其の603:ヴァーホーヴェン流青春映画「スペッターズ」

 過激な作風(エログロ・ヴァイオレンス!)で世界中を魅了(!?)するポール・ヴァーホーヴェン監督。鬼才のオランダ時代(現在もハリウッドからまた母国に戻っちゃったけど)初期の作品「SPETTERS/スペッターズ」(’80・蘭)が、ようやくソフト化(日本では劇場未公開にして、かつて数分間カットされたVHSが出て以来)!!当時の“ヴァーホーヴェン作品の顔”ルトガー・ハウアーも勿論出演^^。ジャンルとしては<青春映画>なんだけど・・・女性と子供がいる時に観てはいけません!!アクションやミステリーでなくとも・・・青春映画撮らせてもやっぱりヴァーホーヴェンは過激だった(苦笑)!!

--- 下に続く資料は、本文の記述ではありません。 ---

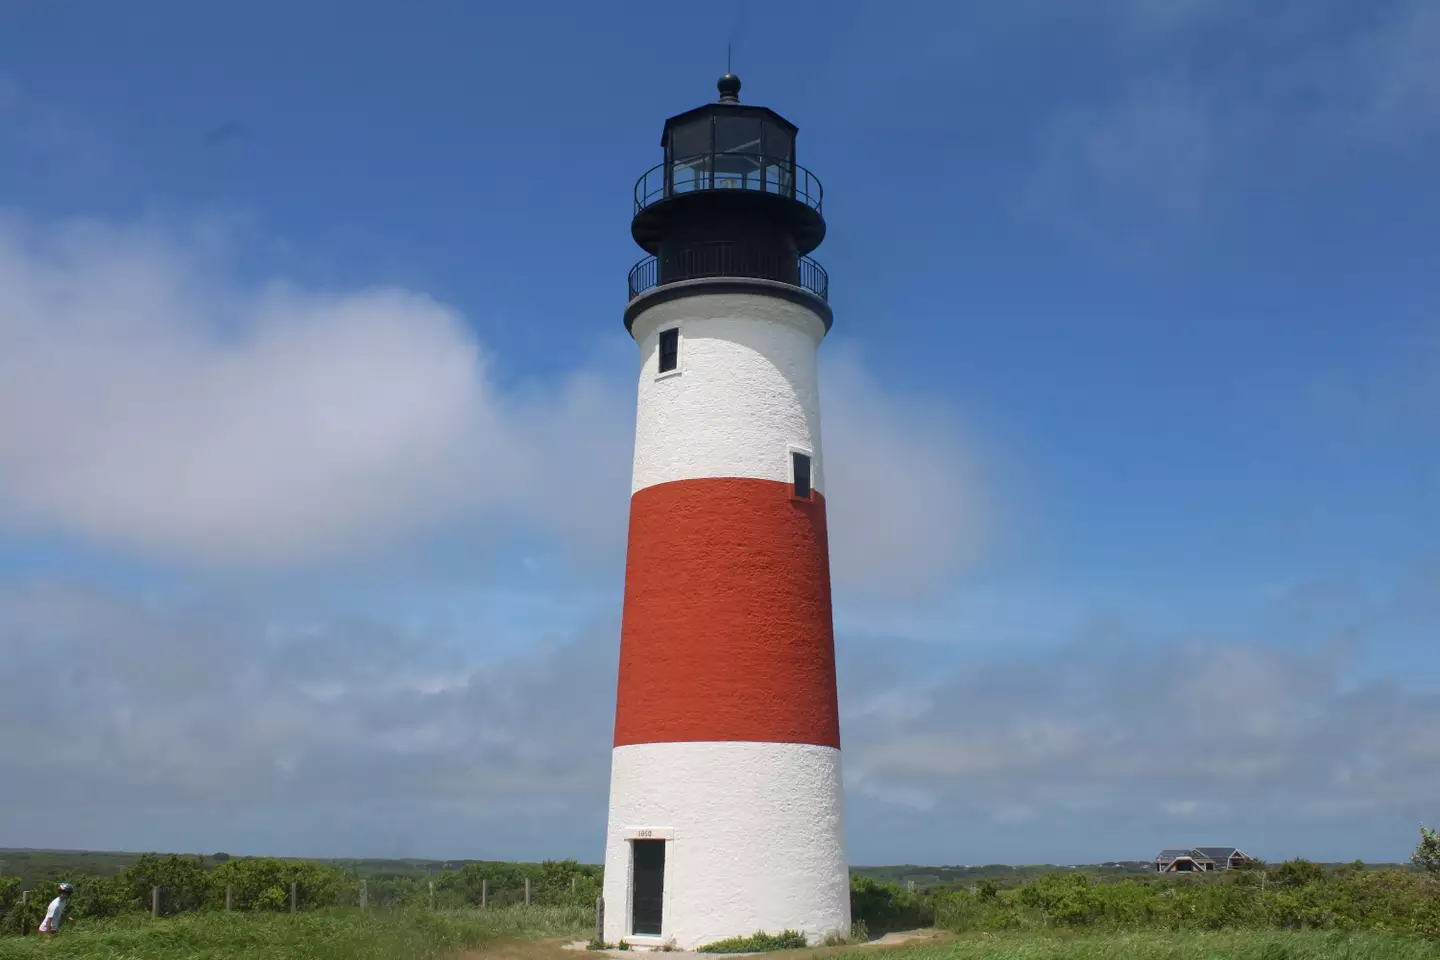 Nantucket is mostly known for its nature and lighthouses, like the Sankaty Head Lighthouse.

 大工や自動車修理工をしながらモトクロス・レースに夢中になっているリン(=ハンス・フォン・トングレン)、エフ(=トーン・アグタブルフ)、ハンス(=マールテン・スパンジャー)の悪友3人は気ままな青春時代を謳歌している。モトクロスのチャンピオン、ゲリー(=ルトガー・ハウアー)は彼らにとってのヒーローだ。そんなリンとハンスは若手が集まるモトクロスの試合に出場。リンが見事優勝し、頭角を現す。ひょんなことからレース場で軽食を売っていたブロンド美女、フィンチェ(=レネ・ソーテンダイク)と知り合った3人は、3人ともが彼女に好意を抱く。
 そんなある日、フィンチェとその兄が切り盛りする屋台カーがリンたちの住む街にやって来る。彼女と再会した3人はアプローチをかけるものの、彼女が選んだのは最も将来に期待が持てるリンだった。TV局の男(=ジェローン・クラッべ)を誘惑したフィンチェはリンに日本企業のスポンサーをつけることに成功する。彼のモトクロス・レーサーとしての展望が開かれたかと思われたが・・・思わぬ展開が3人の青年を待ち受けていた!!!

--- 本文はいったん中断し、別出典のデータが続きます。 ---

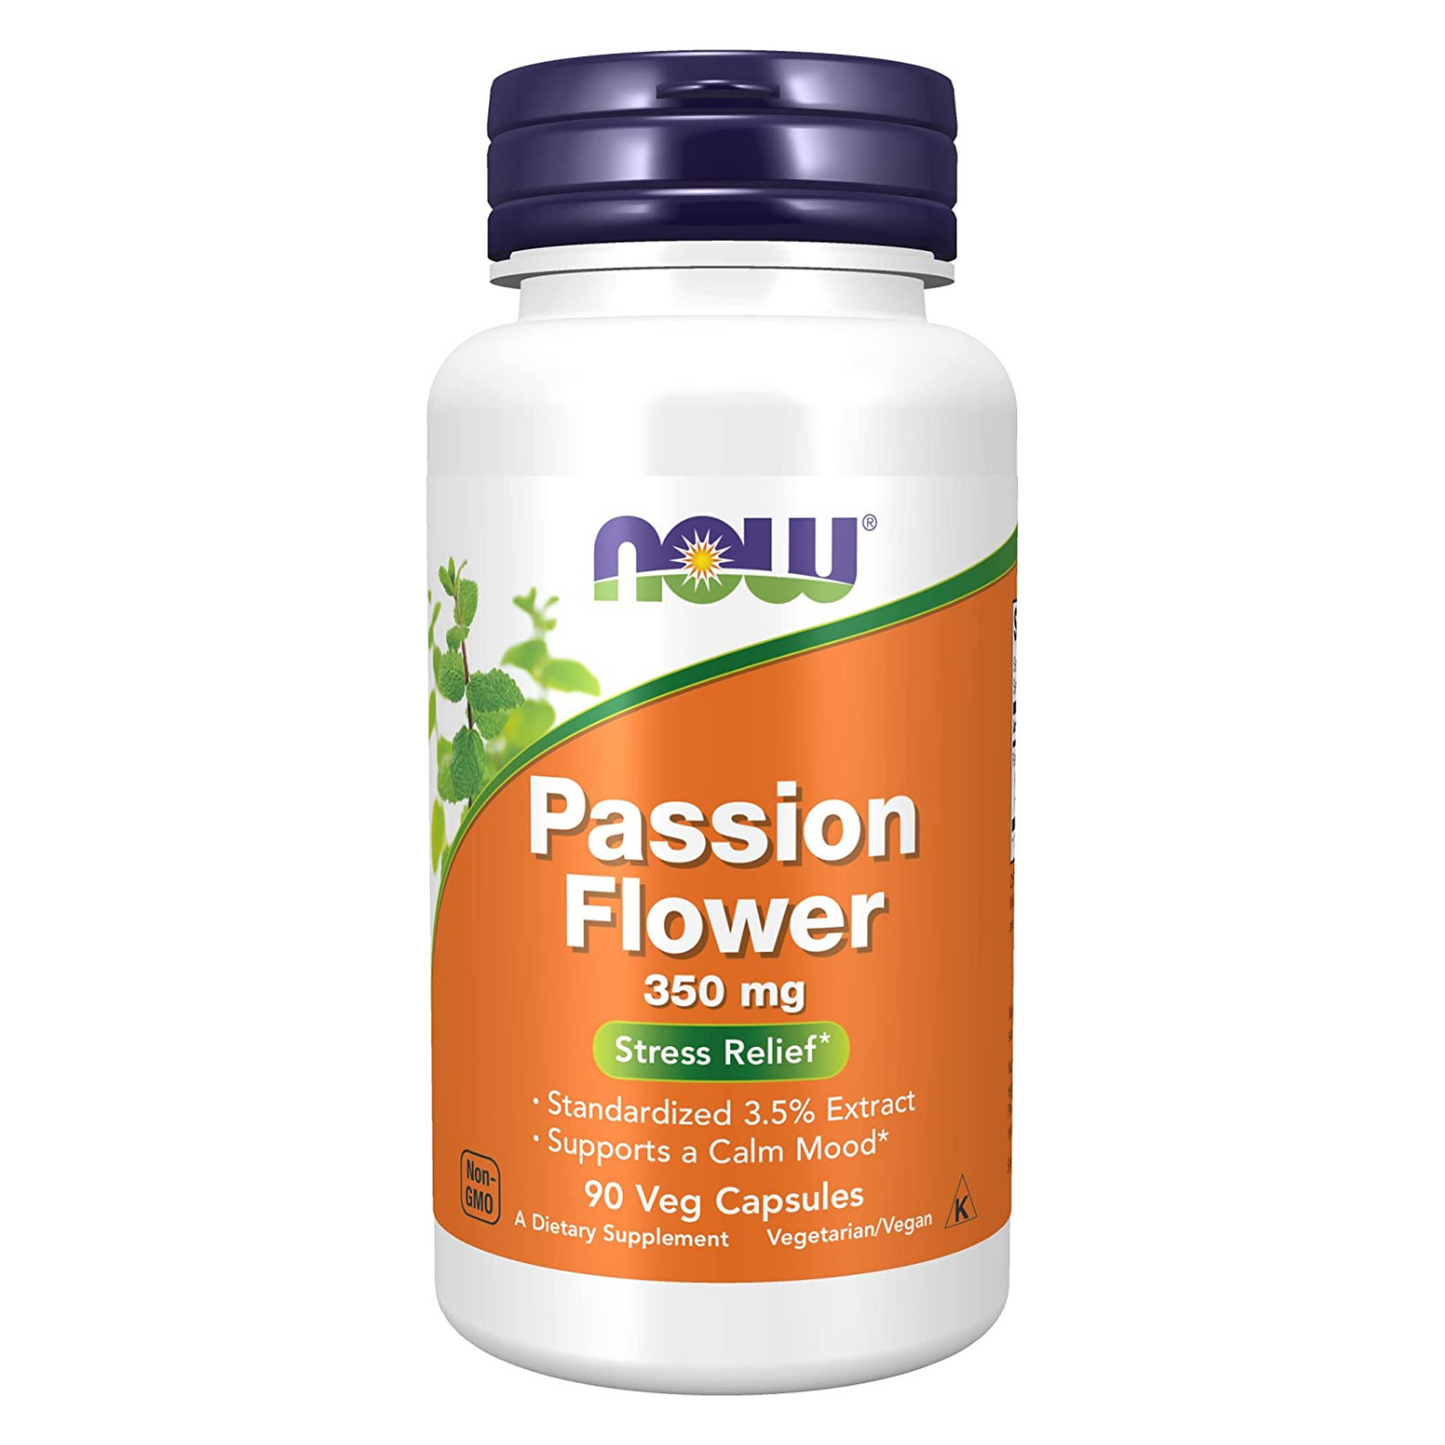 NOW - Passion Flower 350 mg, Natural Stress Relief - 90 Veg Capsules

 いかにも<80年代>らしいポップにしてノリがいい(でもって軽い^^)テーマ曲からスタートする今作。ヴァーホーヴェン監督作だけに邦画やハリウッドでよくあるパターンを予想してると少々驚く破目になるでしょう。メインの野郎3人は平気で万引きしたり、ゲイの人に悪戯したり、チ●コ出して大きさ測ったり・・・と、少々ワルにして馬鹿(笑)。その3人に絡むフィンチェも自分の目的の為なら誰とだってエッチする(ヴァーホーヴェン作品は基本モラルの低い&ゲスい人多い)。ポルノ映画さながらの<おっぱい&チ●コ露出率>で仰天する人も多そうだなぁ〜^^。

 「これがこういう展開に発展する?!」といった些細な件からダーク(!?)な内容に一変する今作。<男同士の友情が壊れる>とか<女を巡って憎み合う>とか<熱い涙を流す>事などは一切ありません(笑)。性的なシーン(モザイクなかったらマジでモロ)から反キリスト教描写まで・・・最後どうやって終わるのか、ラス・メイヤーの「ワイルド・パーティー」初めて観た時みたいに、いろんな意味でハラハラしたわ^^。

 ・・・といっても(慌ててフォロー)スタッフは超豪華!カメラマンは後年「トータルリコール」も撮影したヨスト・ヴァカーノ。モトクロスのレースシーンは並走カットもあって「これよく撮ったな〜」と感心する画も多々あり。脚本は後に「ブラックブック」でも組むジェラルド・ソエトマン。ちょいちょいある過激シーン(ネタばれするんで書けない・・・)は実は脚本にはあっさり書かれていて、ヴァーホーヴェンが現場で足したのではないかと筆者は邪推してる(笑)。

 出演シーンはさほど多くはないものの、今作がアメリカで公開された事でルトガー・ハウアー(→「ブレードランナー」ほか)やジェローン・クラッベ(→「逃亡者」ほか)らがハリウッドからお声がかかるキッカケとなる。ヴァーホーヴェンもその才能を認められてこそハリウッドに誘われた訳だし^^。「大傑作!」とは言いませんが、ヴァーホーヴェンファンは押さえて欲しい一作。